What you have to do:
Copy the listing exactly, images excluded.

Data:

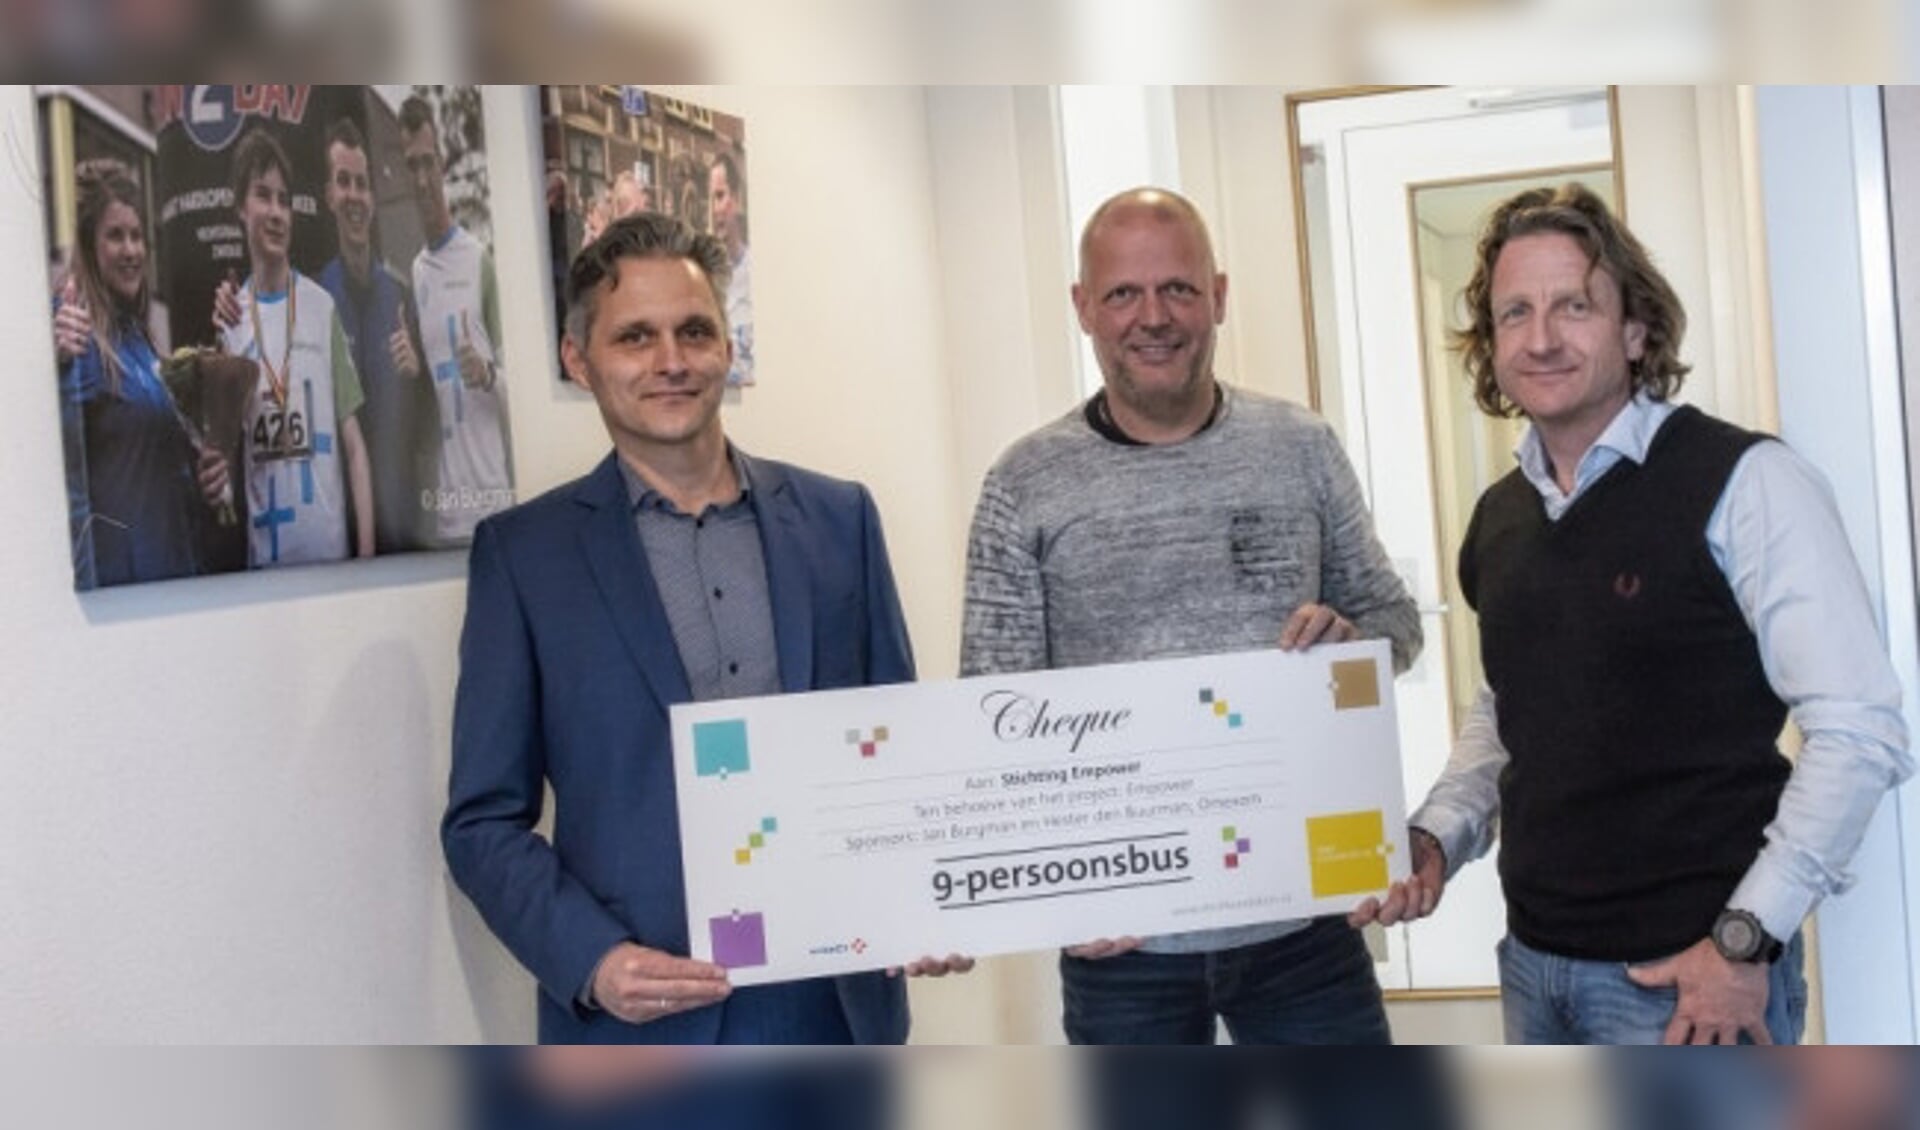 Eigen vervoersmiddel voor Empower in Zwolle met de support van de VINCI Foundation NL
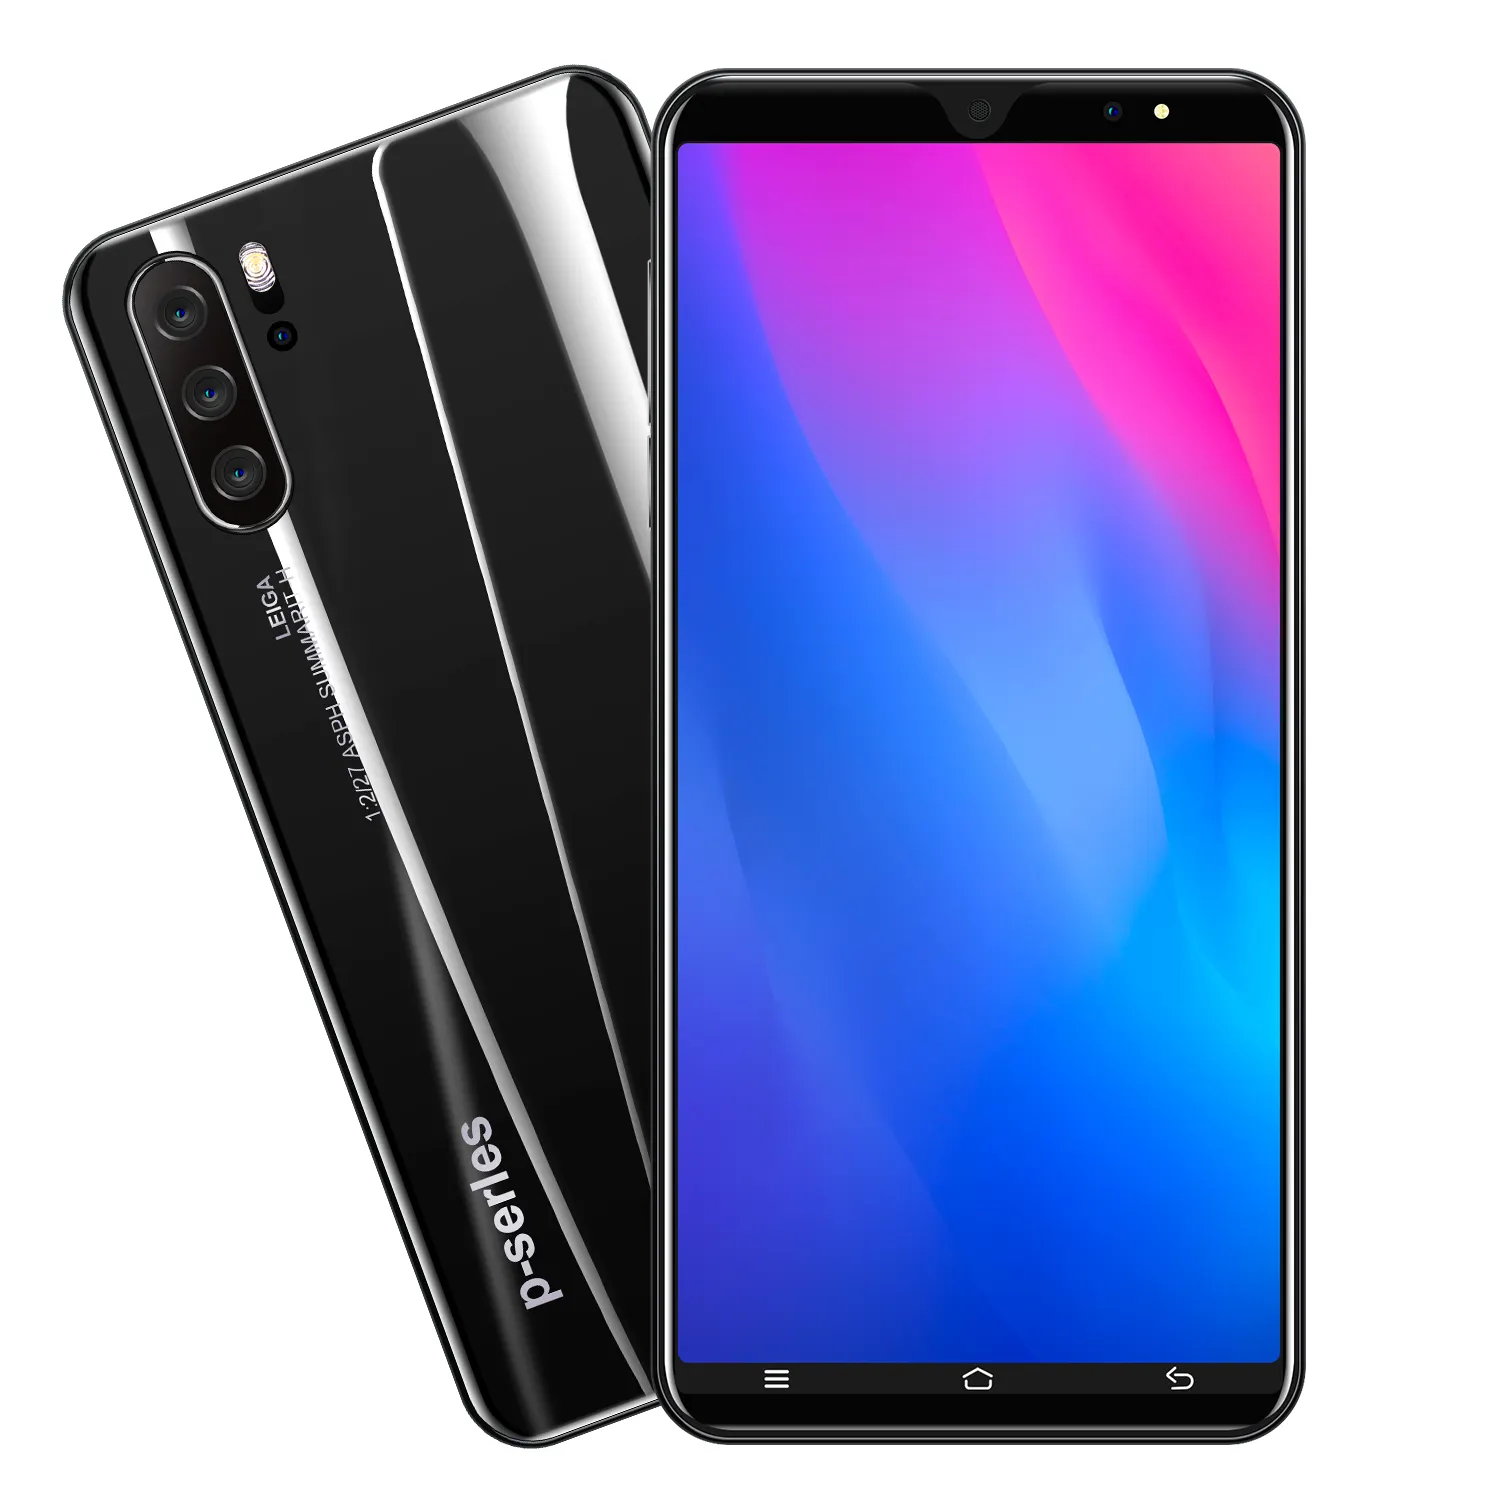 Commercio all'ingrosso P33 Android del telefono mobile 5.8 inch Della presa di Fabbrica Può essere OEM Cina smartphone hanno un basso prezzo
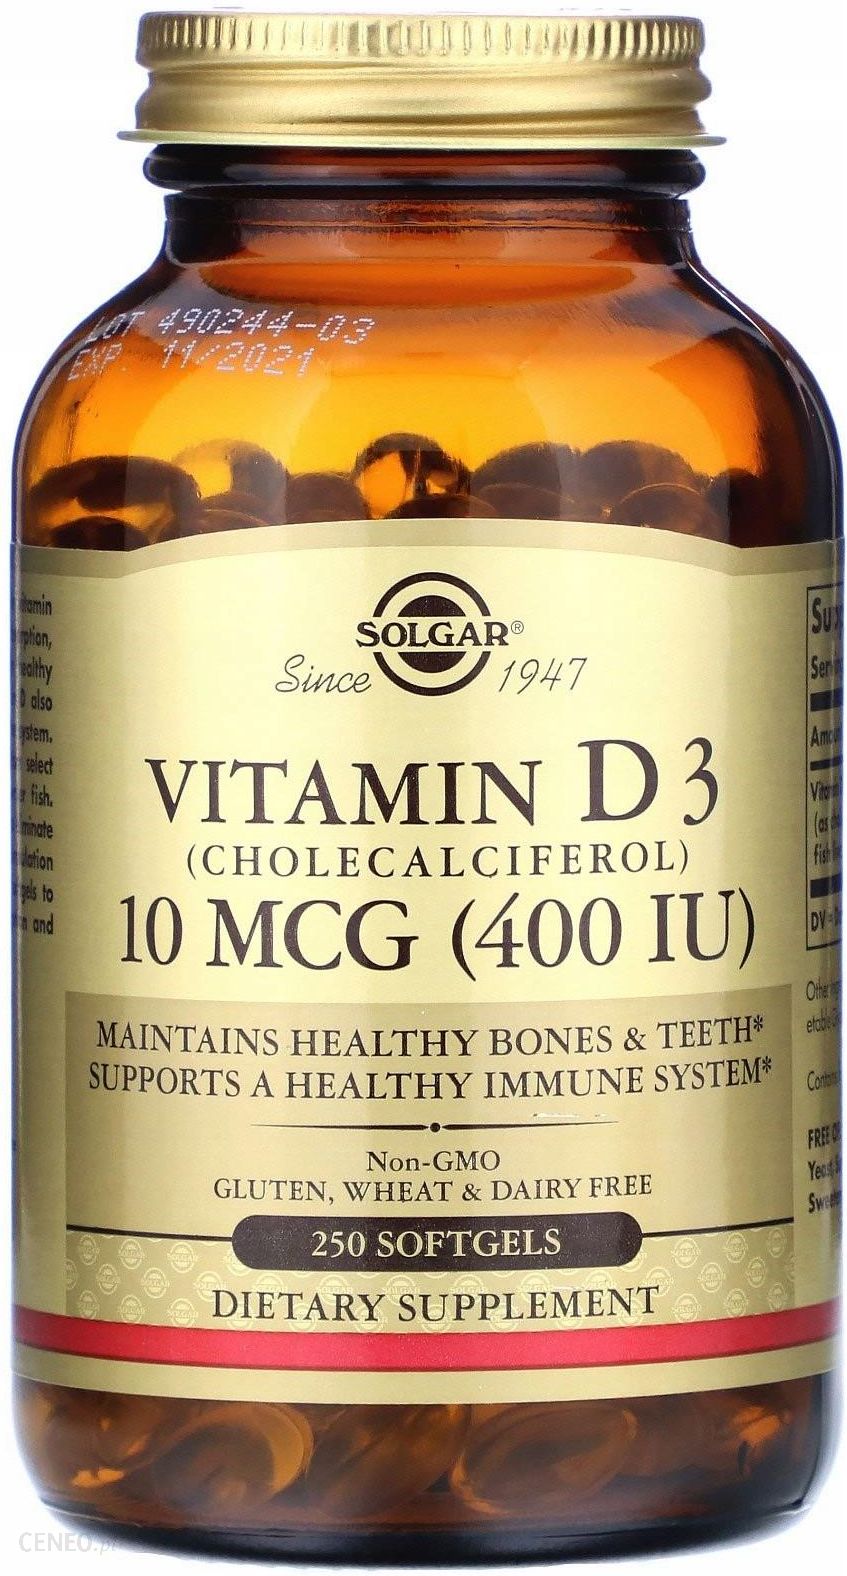 Витамин д3 5 мкг. Капсулы Solgar Vitamin d3. Солгар d3 10 MCG. Солгар витамин д3 капсулы. Solgar, витамин d3 (холекальциферол), 250 мкг (10 000 ме).

Answer section:
 Eigen vervoersmiddel voor Empower in Zwolle met de support van de VINCI Foundation NL
 Commercio all'ingrosso P33 Android del telefono mobile 5.8 inch Della presa di Fabbrica Può essere OEM Cina smartphone hanno un basso prezzo
 Витамин д3 5 мкг. Капсулы Solgar Vitamin d3. Солгар d3 10 MCG. Солгар витамин д3 капсулы. Solgar, витамин d3 (холекальциферол), 250 мкг (10 000 ме).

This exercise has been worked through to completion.